- SOURCE DATA:

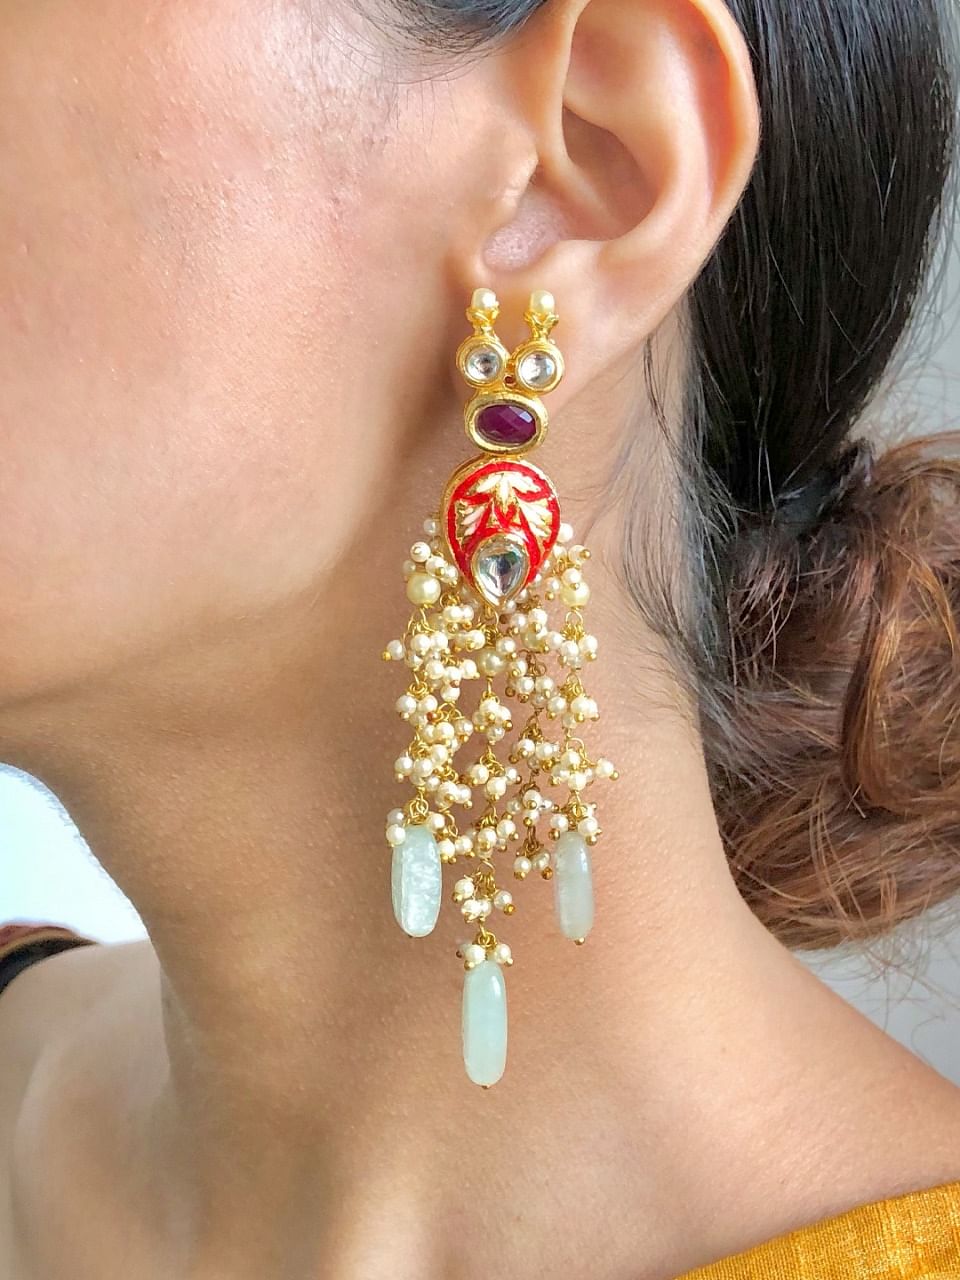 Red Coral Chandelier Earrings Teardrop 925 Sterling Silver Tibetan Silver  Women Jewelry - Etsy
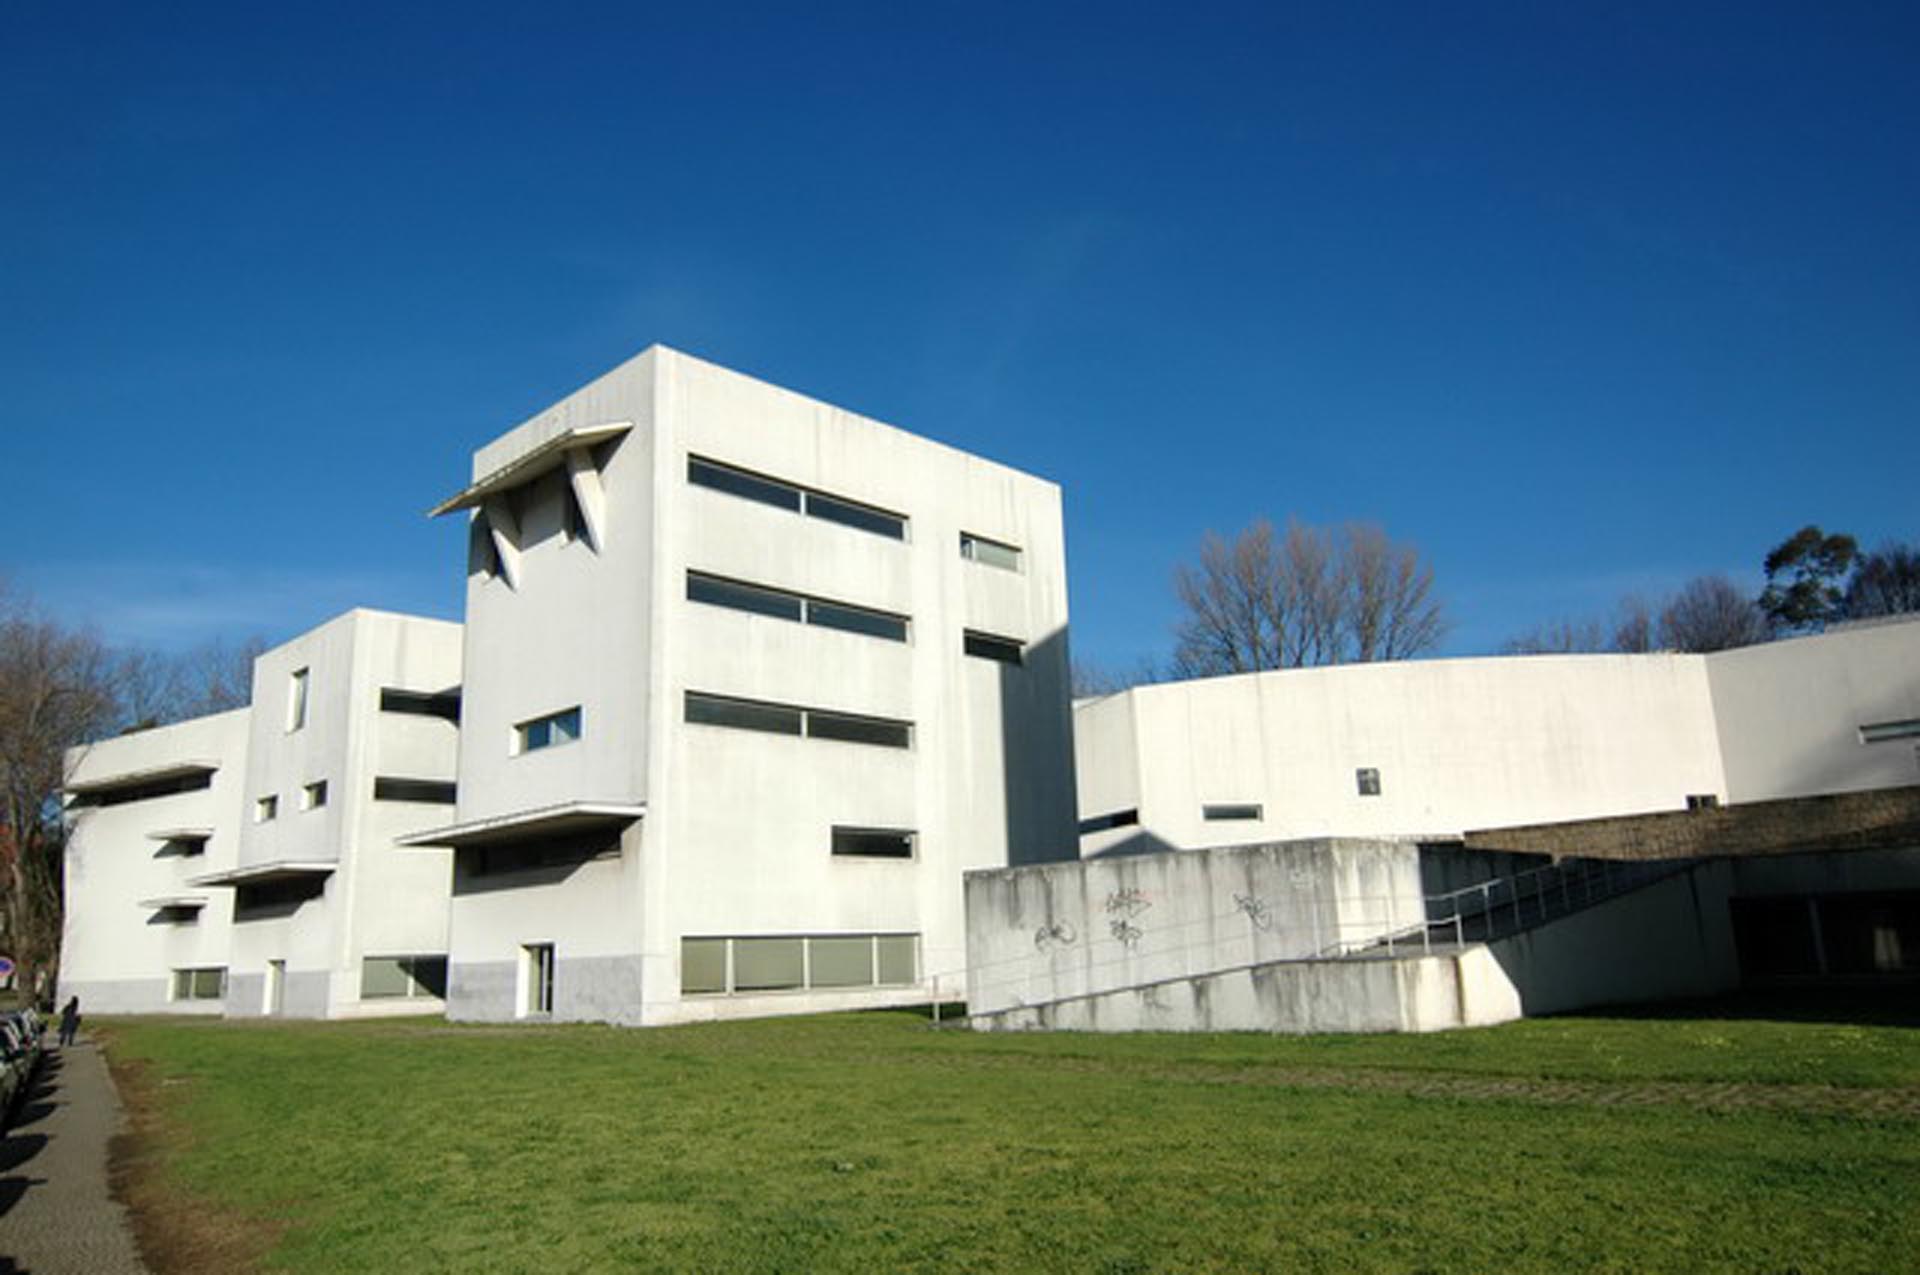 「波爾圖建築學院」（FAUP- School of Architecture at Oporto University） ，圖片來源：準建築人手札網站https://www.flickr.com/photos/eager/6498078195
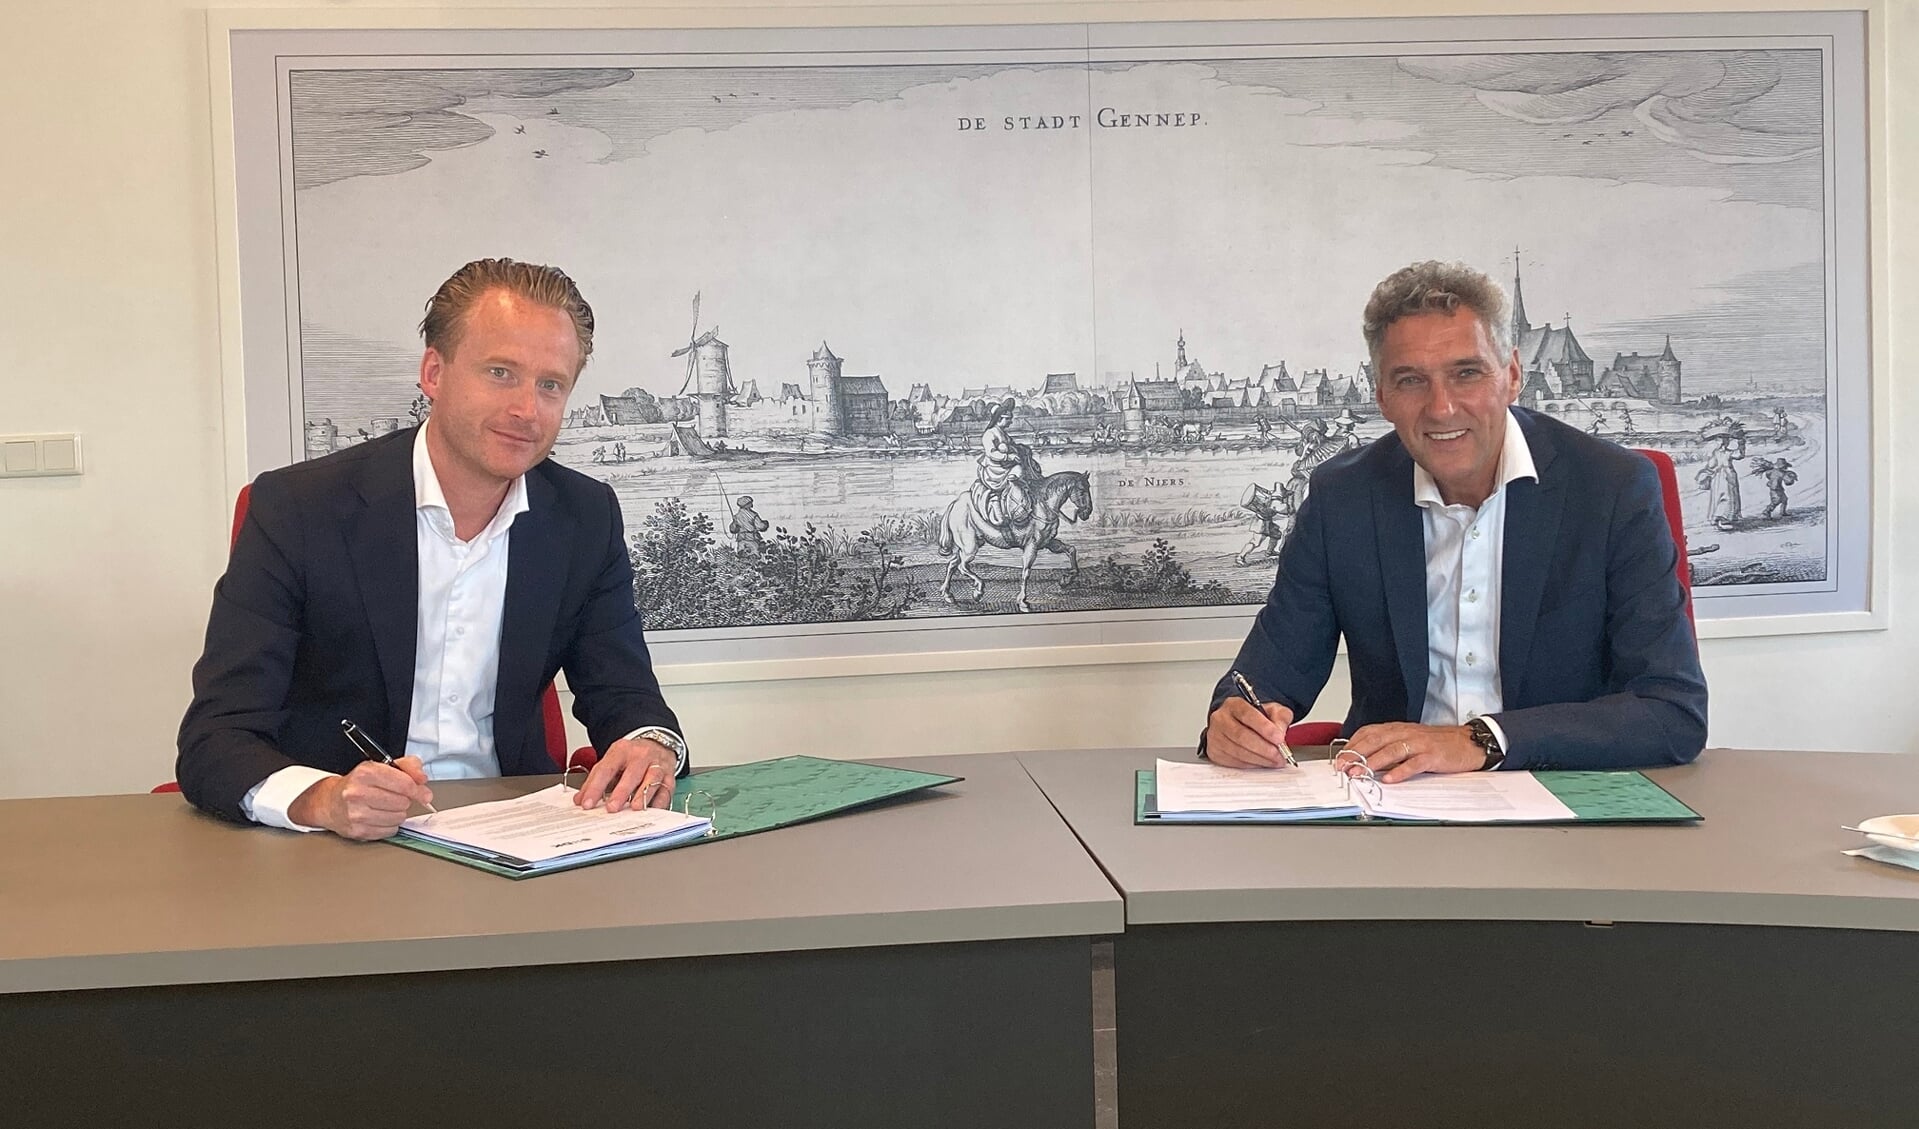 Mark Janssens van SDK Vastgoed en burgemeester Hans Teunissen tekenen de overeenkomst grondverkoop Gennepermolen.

- WHAT IS REQUIRED:
From the first line to the last, retype the data above exactly, but not its images.

- EXPECTED ANSWER:
 Red Coral Chandelier Earrings Teardrop 925 Sterling Silver Tibetan Silver  Women Jewelry - Etsy
 「波爾圖建築學院」（FAUP- School of Architecture at Oporto University） ，圖片來源：準建築人手札網站https://www.flickr.com/photos/eager/6498078195
 Mark Janssens van SDK Vastgoed en burgemeester Hans Teunissen tekenen de overeenkomst grondverkoop Gennepermolen.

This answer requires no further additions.